Core Project #4
Nonlinear
Model of the
Hippocampus
Theodore W. Berger,
Ph.D.
Project Leader
Specific Aim 1. Input-output nonlinear modeling of hippocampus
1.a In-depth analyses of multi-input, multi-output (MIMO) models. There are several fundamental questions that must be addressed with respect to the existing MIMO data sets, including: (i) the apparent heterogeneity of the kernels recorded from the same animal during the same session. Differences in kernel functions could mean differences in feedback or feedforward connections with interneurons, differences in the density of voltage-dependent conductances, among other possibilities; (ii) correlations between classes of kernels functions and anatomical location within the hippocampus; and (iii) analyses of cross-kernels, having implications with respect to patterns of termination onto the postsynaptic dendritic tree.

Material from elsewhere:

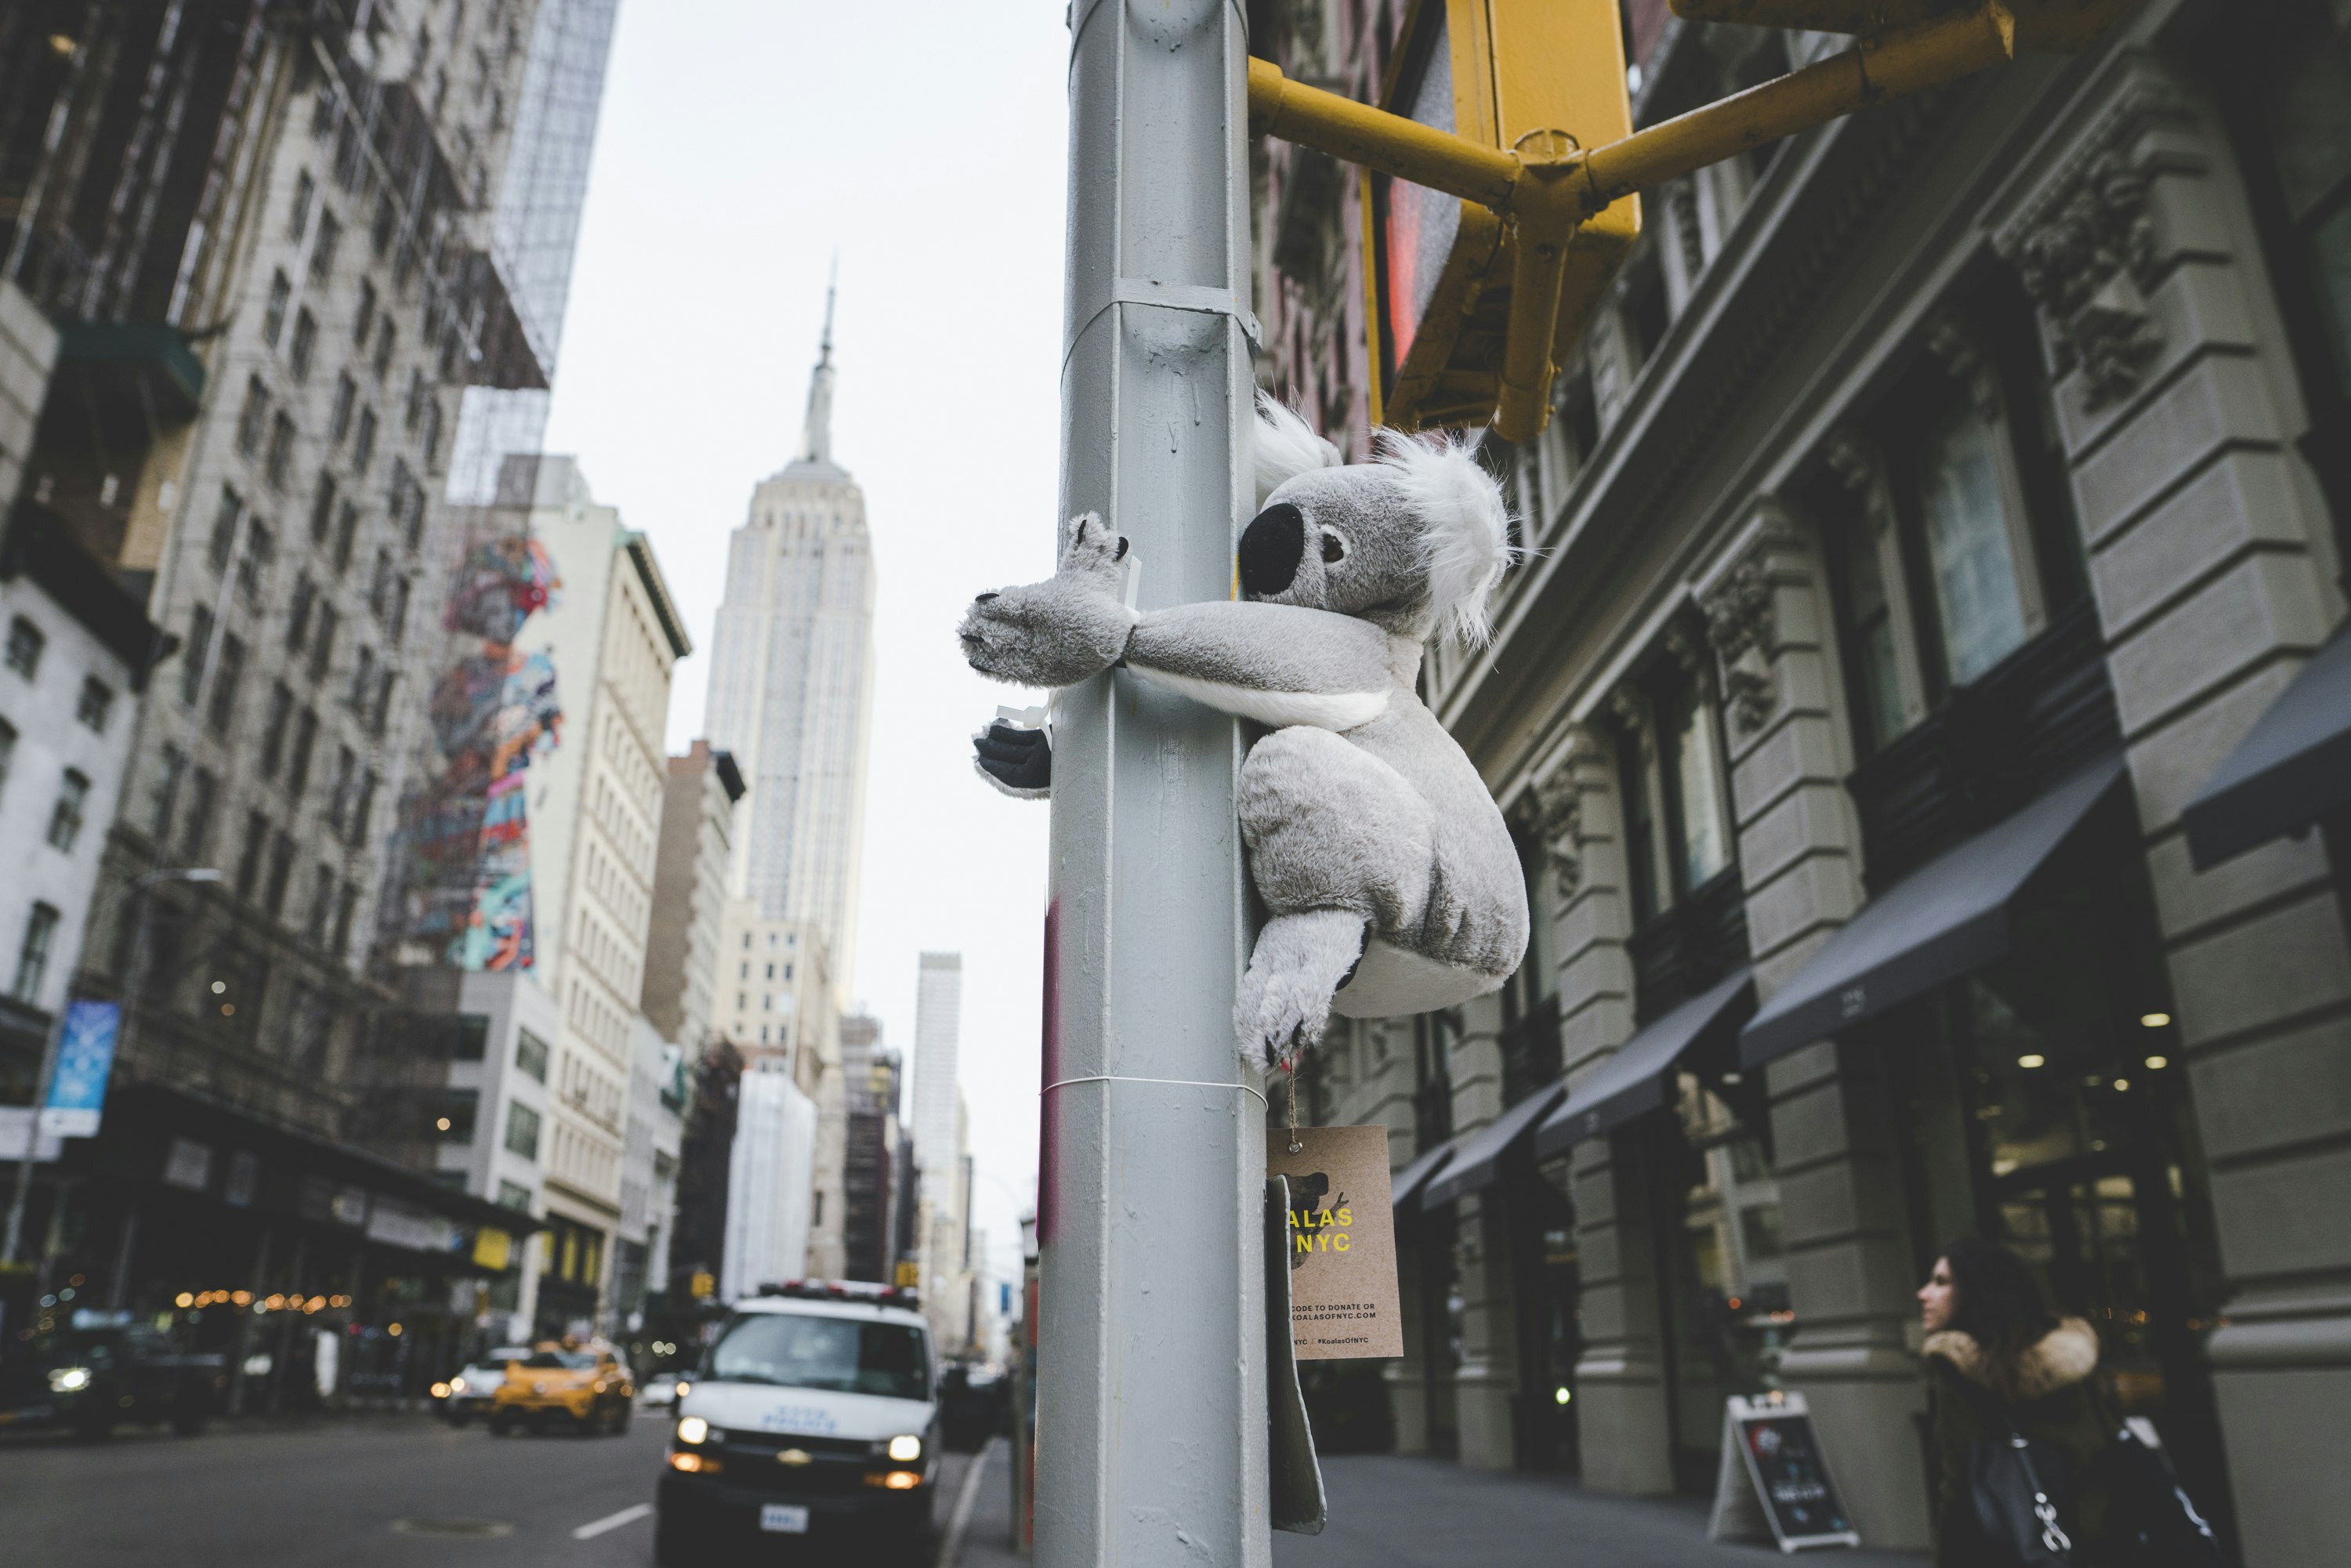 A stuffed koala hugs a lamppost in NYC

1.b Control-theory based modeling of dentate-to-CA1. We will improve our single-input, single-output hippocampal CA3 prosthetic system using control theory. More specifically, we will build a dentate-CA1 output model and a inverse (output-input) CA1 model and use them to “drive” the CA1 region to its desired output trajectory following a control scheme.
1.c Multi-input, multi-output modeling of the hippocampal “trisynaptic pathway”. The hippocampus is composed of a ”trisynaptic pathway,” consisting of the entorhinal-to-dentate, dentate-to-CA3, and CA3-to-CA1 projections. We already have obtained the multi-input, multi-output model for the CA3-to-CA1 component of hippocampus. Using data provided by Dr. Sam Deadwyler from Wake Forest University, we also will obtain multi-input, multi-output models for the entorhinal-to-dentate and the dentate-to-CA3 components. This will provide the first ever quantitative description of the transformations that underlie the conversion of short-term memory to long-term memory.
1d. Multi-input, multi-output test for “cascade” vs. “feedforward” model of the hippocampus. In addition to the pathways described above, there is both anatomical and electrophysiological evidence for entorhinal-to-CA3 and entorhinal-to-CA1, implying a feedforward rather than a cascade model of hippocampal intrinsic circuitry. We will use our input-output models to test this hypothesis.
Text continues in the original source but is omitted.